Quick Start

This guide does not go into detail as to how everything works, but hopefully will get you scraping quickly. For more information about each process works please see the rest of the documentation.

Vagrant Quickstart

The Vagrant Quickstart provides you a simple Vagrant Virtual Machine in order to try out Scrapy Cluster. It is not meant to be a production crawling machine, and should be treated more like a test ground for development.

  1. Ensure you have Vagrant and VirtualBox installed on your machine. For instructions on setting those up please refer to the official documentation.
  2. Download and unzip the latest release here.

Lets assume our project is now in ~/scrapy-cluster

  1. Stand up the Scrapy Cluster Vagrant machine.
$ cd ~/scrapy-cluster
$ vagrant up
# This will set up your machine, provision it with Ansible, and boot the required services

Note

The initial setup may take some time due to the setup of Zookeeper, Kafka, and Redis. This is only a one time setup and is skipped when running it in the future.

  1. SSH onto the machine
$ vagrant ssh
  1. Ensure everything under supervision is running.
vagrant@scdev:~$ sudo supervisorctl status
kafka                            RUNNING   pid 1812, uptime 0:00:07
redis                            RUNNING   pid 1810, uptime 0:00:07
zookeeper                        RUNNING   pid 1809, uptime 0:00:07

Note

If you receive the message unix:///var/run/supervisor.sock no such file, issue the following command to start Supervisord: sudo service supervisord start, then check the status like above.

  1. The Scrapy Cluster folder is mounted in the /vagrant/ directory
vagrant@scdev:~$ cd /vagrant/
  1. Create a conda virtual environment to have scrapy pre-installed, and activate it.
vagrant@scdev:/vagrant$ conda create -n sc scrapy --yes
...
vagrant@scdev:/vagrant$ source activate sc
  1. Install the Scrapy Cluster packages
(sc)vagrant@scdev:/vagrant$ pip install -r requirements.txt
  1. Ensure the offline tests pass
(sc)vagrant@scdev:/vagrant$ ./run_offline_tests.sh
# There should be 4 core pieces, each of them saying all tests passed like so
----------------------------------------------------------------------
Ran 20 tests in 0.034s
...
----------------------------------------------------------------------
Ran 9 tests in 0.045s
...
  1. Ensure the online tests pass
vagrant@scdev:~$ ./run_online_tests.sh
# There should be 4 major blocks here, ensuring your cluster is setup correctly.
...
----------------------------------------------------------------------
Ran 2 tests in 0.105s
...
----------------------------------------------------------------------
Ran 1 test in 26.489s

Warning

If this test fails, it most likely means the Virtual Machine’s Kafka is in a finicky state.
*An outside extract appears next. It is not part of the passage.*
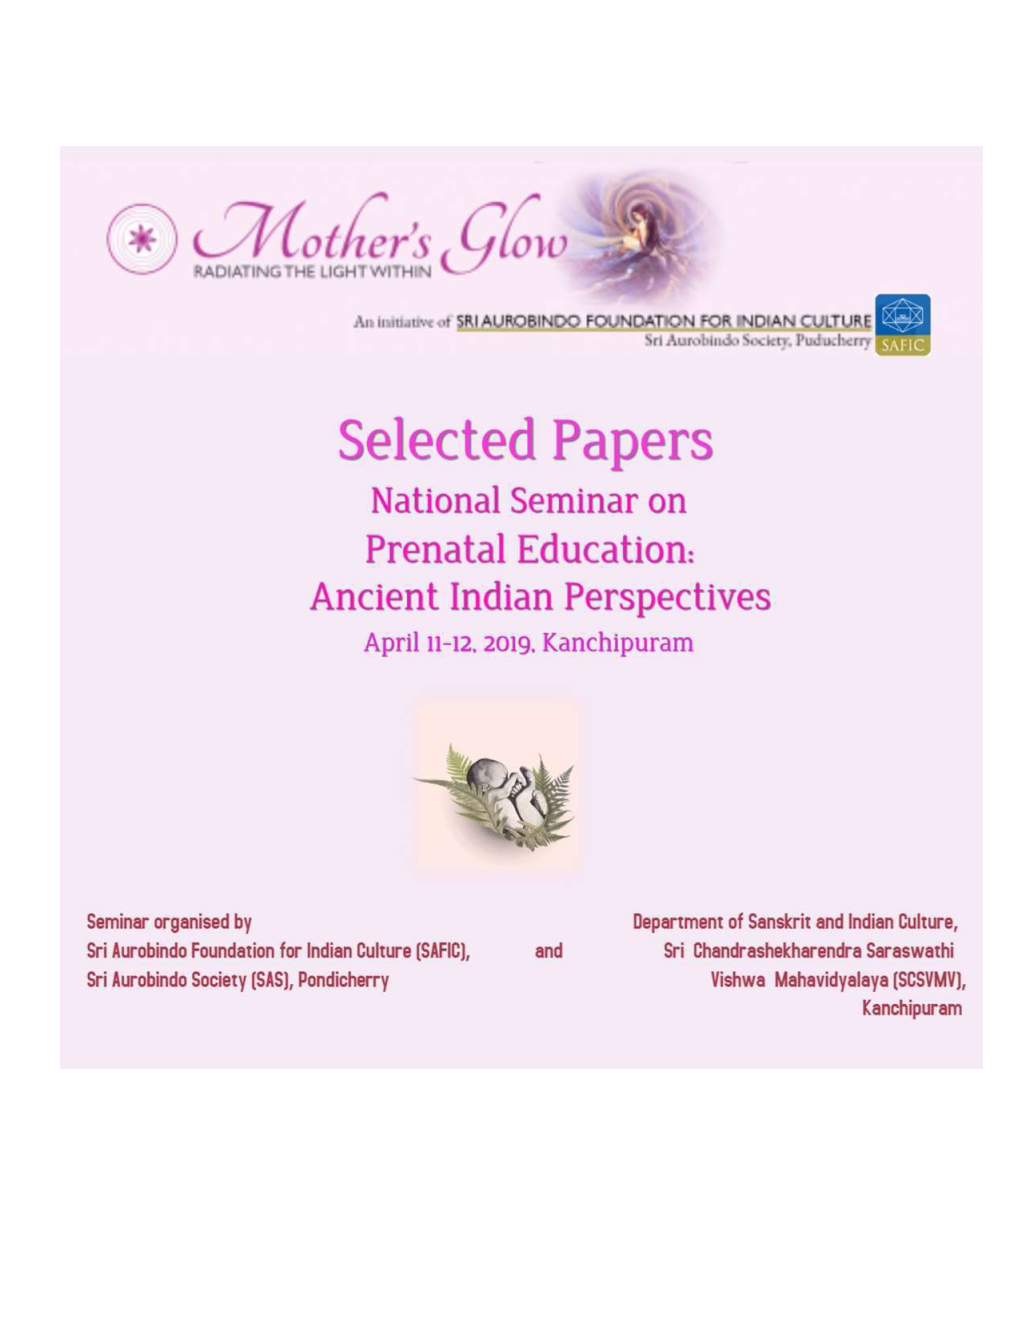 Prenatal Education: Ancient Indian Perspectives

Issue the following command and then retry the online test to fix Kafka: sudo supervisorctl restart kafka

You now appear to have a working test environment, so jump down to Your First Crawl to finish the quickstart.

Cluster Quickstart

The Cluster Quickstart will help you set up your components across a number of different machines. Here, we assume everything runs on a single box with external Kafka, Zookeeper, and Redis.

  1. Make sure you have Apache Zookeeper, Apache Kafka, and Redis up and running on your cluster. For more information about standing those up, please refer to the official project documentation.
  2. Download and unzip the latest release here.
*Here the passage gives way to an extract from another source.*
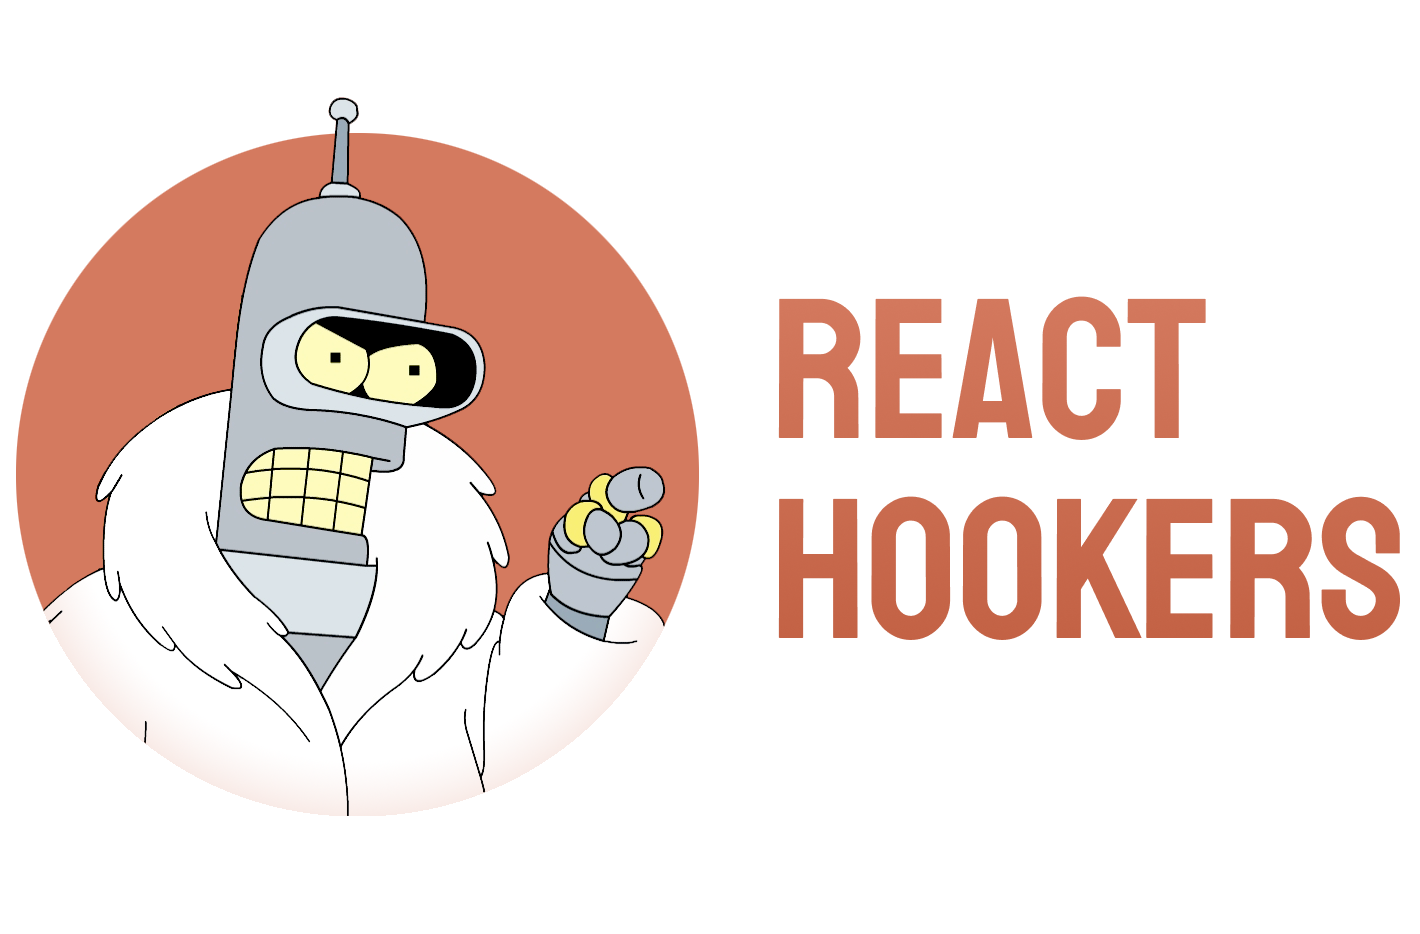 React Hookers

Lets assume our project is now in ~/scrapy-cluster

  1. Install the requirements on every machine
$ cd ~/scrapy-cluster
$ pip install -r requirements.txt
  1. Run the offline unit tests to ensure everything seems to be functioning correctly.
$ ./run_offline_tests.sh
# There should be 4 core pieces, each of them saying all tests passed like so
----------------------------------------------------------------------
Ran 20 tests in 0.034s
...
----------------------------------------------------------------------
Ran 9 tests in 0.045s
...

Lets now setup and ensure our cluster can talk with Redis, Kafka, and Zookeeper

  1. Add a new file called localsettings.py in the Kafka Monitor folder.
$ cd kafka-monitor/
$ vi localsettings.py

Add the following to your new custom local settings.

# Here, 'scdev' is the host with Kafka and Redis
REDIS_HOST = 'scdev'
KAFKA_HOSTS = 'scdev:9092'

It is recommended you use this ‘local’ override instead of altering the default settings.py file, in order to preserve the original configuration the cluster comes with in case something goes wrong, or the original settings need updated.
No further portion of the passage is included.